Run Code Online (Sandbox Code Playgroud)

Answer 2

Lou*_*ell 12

方法一

对于 pyspark 用户，我翻译了 Michael Spector 的答案（我将留给您来决定使用这是否是一个好主意）：

sc = spark.sparkContext
myPath = f's3://my-bucket/my-prefix/'
javaPath = sc._jvm.java.net.URI.create(myPath)
hadoopPath = sc._jvm.org.apache.hadoop.fs.Path(myPath)
hadoopFileSystem = sc._jvm.org.apache.hadoop.fs.FileSystem.get(javaPath, sc._jvm.org.apache.hadoop.conf.Configuration())
iterator = hadoopFileSystem.listFiles(hadoopPath, True)

s3_keys = []
while iterator.hasNext():
    s3_keys.append(iterator.next().getPath().toUri().getRawPath())
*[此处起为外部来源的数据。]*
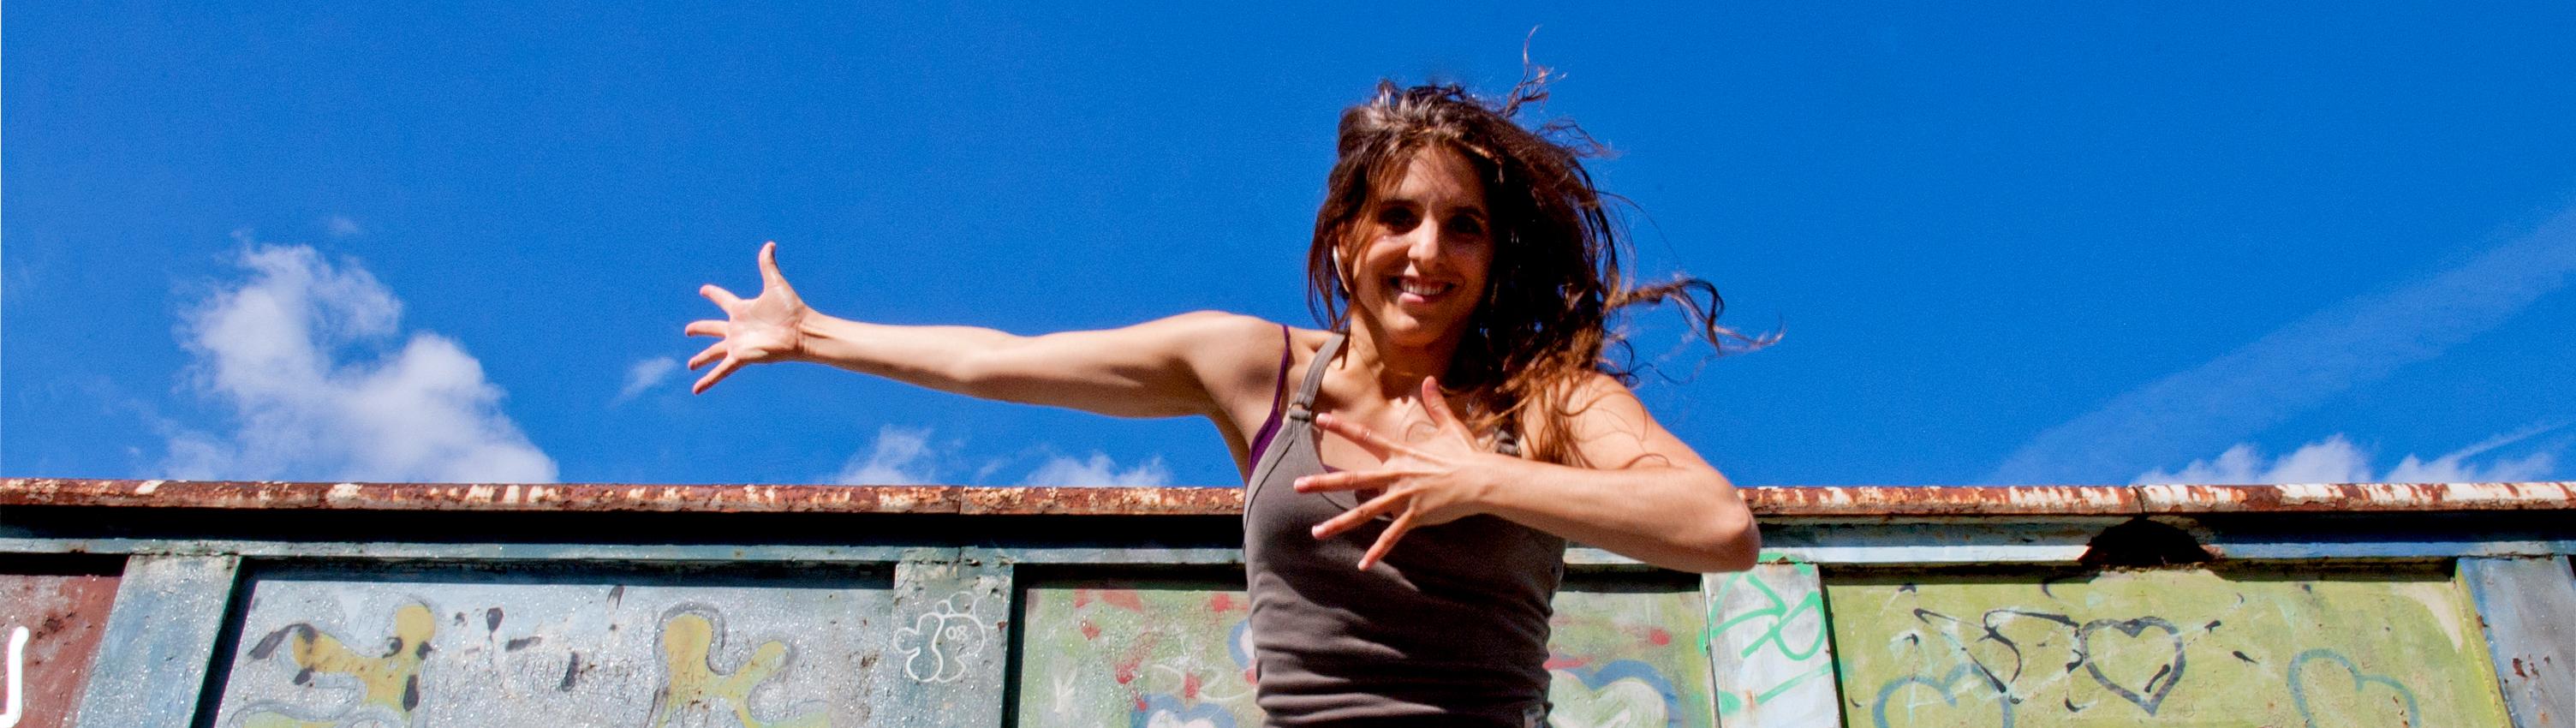 Anna Llombart professora de claqué y percussió corporal

Run Code Online (Sandbox Code Playgroud)

s3_keys现在保存在以下位置找到的所有文件密钥my-bucket/my-prefix

方法 2 这是我发现的另一种选择（向@forgetso致敬）：

myPath = 's3://my-bucket/my-prefix/*'
hadoopPath = sc._jvm.org.apache.hadoop.fs.Path(myPath)
hadoopFs = hadoopPath.getFileSystem(sc._jvm.org.apache.hadoop.conf.Configuration())
statuses = hadoopFs.globStatus(hadoopPath)

for status in statuses:
  status.getPath().toUri().getRawPath()
  # Alternatively, you can get file names only with:
  # status.getPath().getName()

Run Code Online (Sandbox Code Playgroud)

方法 3（不完整！）

上述两种方法不使用应用于分布式读取的 Spark 并行机制。不过，这种逻辑看起来很私密。看parallelListLeafFiles 这里。我还没有找到一种方法来强制 pyspark 在 s3 上进行分发ls而不读取文件内容。我尝试使用 py4j 实例化 an InMemoryFileIndex，但无法获得正确的咒语。如果有人想从这里获取的话，这是我到目前为止所拥有的：

myPath = f's3://my-bucket/my-path/'
paths = sc._gateway.new_array(sc._jvm.org.apache.hadoop.fs.Path, 1)
paths[0] = sc._jvm.org.apache.hadoop.fs.Path(myPath)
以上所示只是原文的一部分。